NFTs have taken over the headlines these past few weeks. From Beeple’s record setting $69 million dollar sale, to Tom Brady’s new company, to Jack’s first tweet, it’s hard to not hear about this new form of digital asset. Are NFTs a fad or are they here to stay? There are five reasons we see for the heat in the market:
- Excitement over Ethereum smart contract for royalties and provenance
- A “small” bubble as early investors got Ethereum for pennies (now worth around $2,000)
- It’s new! (The first anything’s are valuable.)
- Digital assets are hot and are here to stay.
- Collectibles have increased dramatically in value in the past 15 months.
(This post assumes some knowledge of non-fungible tokens. Check out this post for a primer.) Let’s investigate each of these in more detail:
Excitement over Ethereum smart contract for royalties and provenance
Visual artists are one of the few artists that do not receive royalties for their work. With the Ethereum smart contract embedded into the way NFTs trade, artists will receive a resale right each time the NFT changes ownership. In addition the smart contract could also define a number of other rights for the artists including the percentage of take, how often or minimum time to hold, and other factors that can influence an artists’ market. Additionally, the blockchain provides provenance for collectors in the future. Since each transaction is recorded, forgeries and fakes should be prevented from entering the market as we will see exactly the chain of ownership from artist to present day owner.
It’s a Bubble
Sure, we’ve heard this one before. We ARE in a bubble. Bitcoin and Ethereum are hitting all time highs and early crypto investors are looking for other places to put their digital riches. What better place to put your newfound riches than into NFTs. However, while the term currency makes ETH seem like money, the IRS treats ETH (and all crypto) as property, so to the IRS it looks like you are selling your ETH for dollars and then rebuying the NFT at the dollar amount. This all results in a tax bill that won’t be seen for another year, but possibly one that could help deflate the market.

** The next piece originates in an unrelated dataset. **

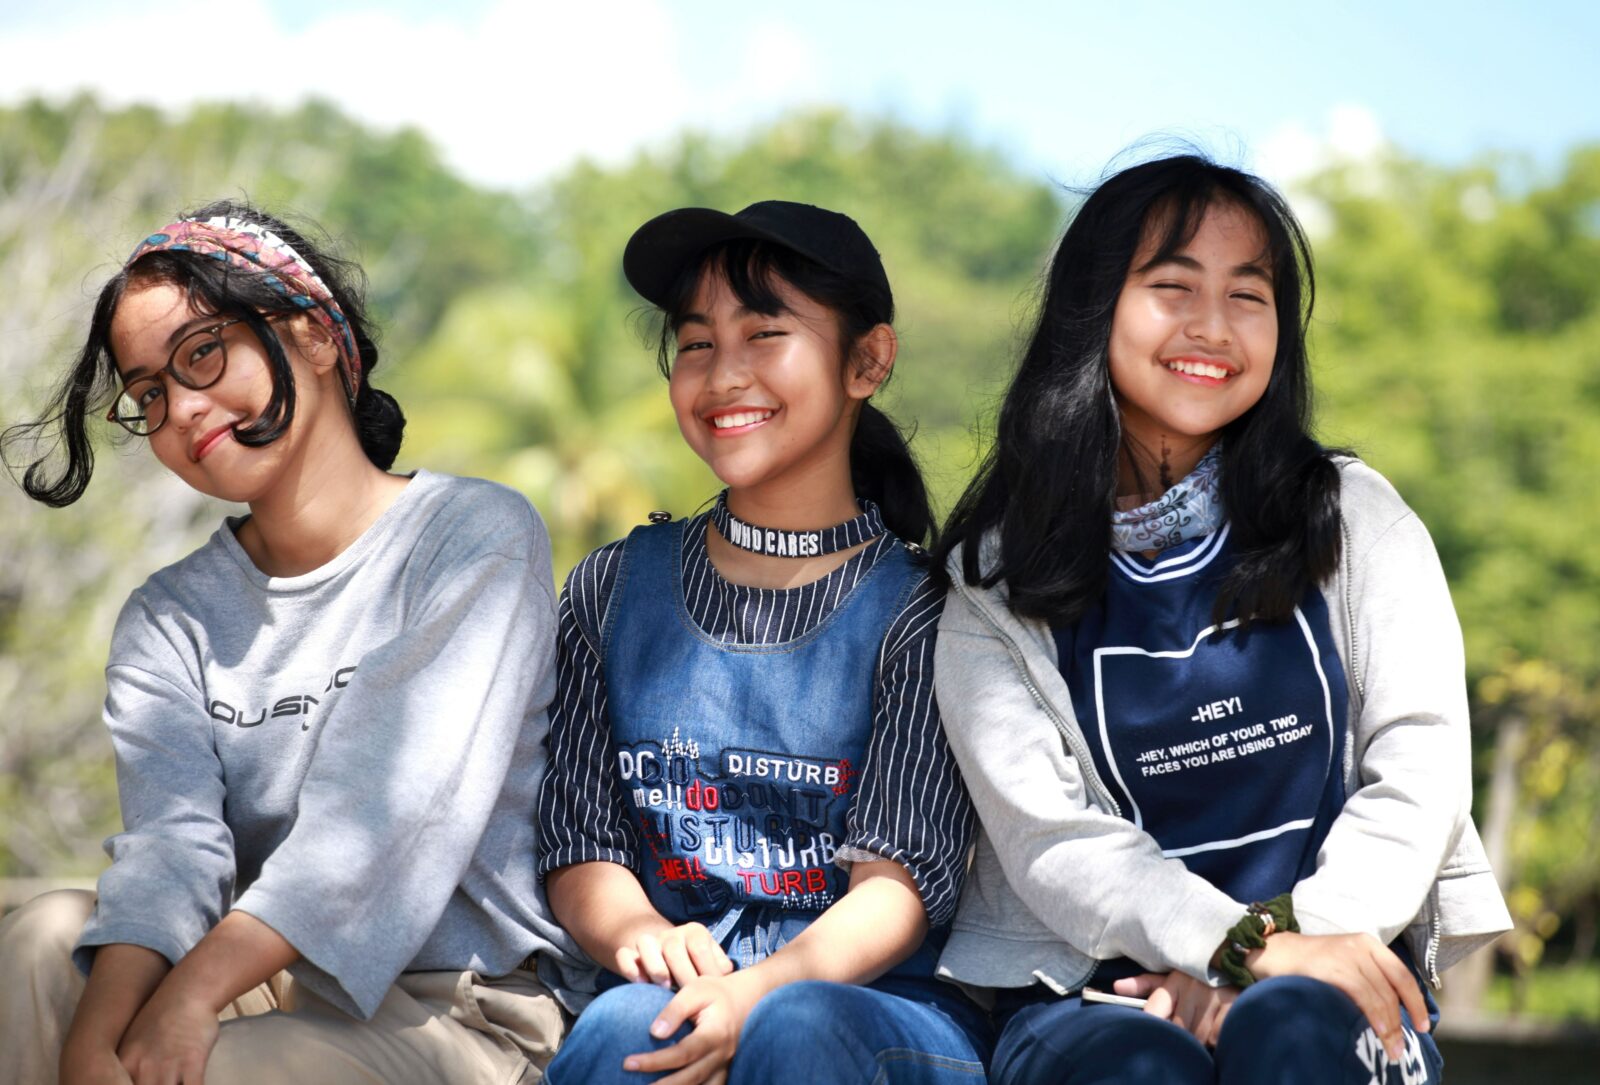 Three pre-teen girls sitting together smiling in a park

NFTs are new. There’s always a demand for the first of anything. The first NFT, the first AI drawing, the first AI drawn NFT, and many other firsts. When NFTs become a cornerstone of the creative market, people will be pointing back to the Beeple piece as the one that put NFTs on the map. They may be even pointing to the first Jack Tweet that was recently picked up for 2.5m. Either way, speculators believe that these museum worthy digital collectibles will increase in value as the firsts of this new medium.
Digital Assets are here to stay
Crypto Kitties (100K+), NBA Top Shots, CryptoPunks, video game assets, Gods Unchained digital card game, SecondLife real estate, Decentraland Estate, and others digital 1’s and 0’s are selling for REAL money. Zynga created an entire publicly traded business selling power ups and extra virtual tractors to the players in Farmville and other virtual worlds and games. As we live more of our lives online, more and more digital assets and status symbols will be valuable. We are just touching the tip of the iceberg with NFTs. These are new types of assets. As Anne-Laure Lemaitre, Curator at insitu.art, states, “You cannot enter the NFT space with a traditional art collecting/art making mindset or by solely trying to surf the hype. It’s a new sandbox to play in, with different rules and different collectors.”
The collectible market has exploded in the past year. The combination of the stimulus, pandemic, and low interest rates have contributed to record highs for all kinds of collectibles. Sports cards, art, comic books, sneakers, and new forms of limited edition products have captured the mindshare of the general population. NFT bridge products like Top Shots and Crypto Kitties have brought many of these similar collectors over into the NFT ecosystem. Will the collectibles market slow down after the re-open? We don’t think so as it will still be a few years before we see interest rates close to 5% which we think is the driver for assets non denominated in dollars.
The NFT market has heated up in this first quarter and while in the short term there might be a “bubble” there is definitely valuable infrastructure being laid down right now. (To the many HODLers, the NFT market could be where Bitcoin was when it hit 19,500 toward the end of 2017. For the n00bs out there, Bitcoin came “crashing” back down to 3,000 a year later (12/2018), until two years later where it climbed and continued to climb and now hovers around the 60,000 mark.)
Some in the art world, like Lemaitre, think NFTs will keep growing: “I think NFT as a market and creative space will keep developing and becoming more exciting and interesting beyond this wave of hype and I truly hope to see more incredibly talented traditional artists explore the potential of this space and new interesting platforms come to life.” Others, such as artist Chellis Baird, believe that NFTs are a fad, “NFTs in my opinion are elaborate screensavers. Their shocking acceptance in the art market is connected to the endless amount of time people have spent on computers during Covid.”
What happens next? We shall see! Good luck everyone!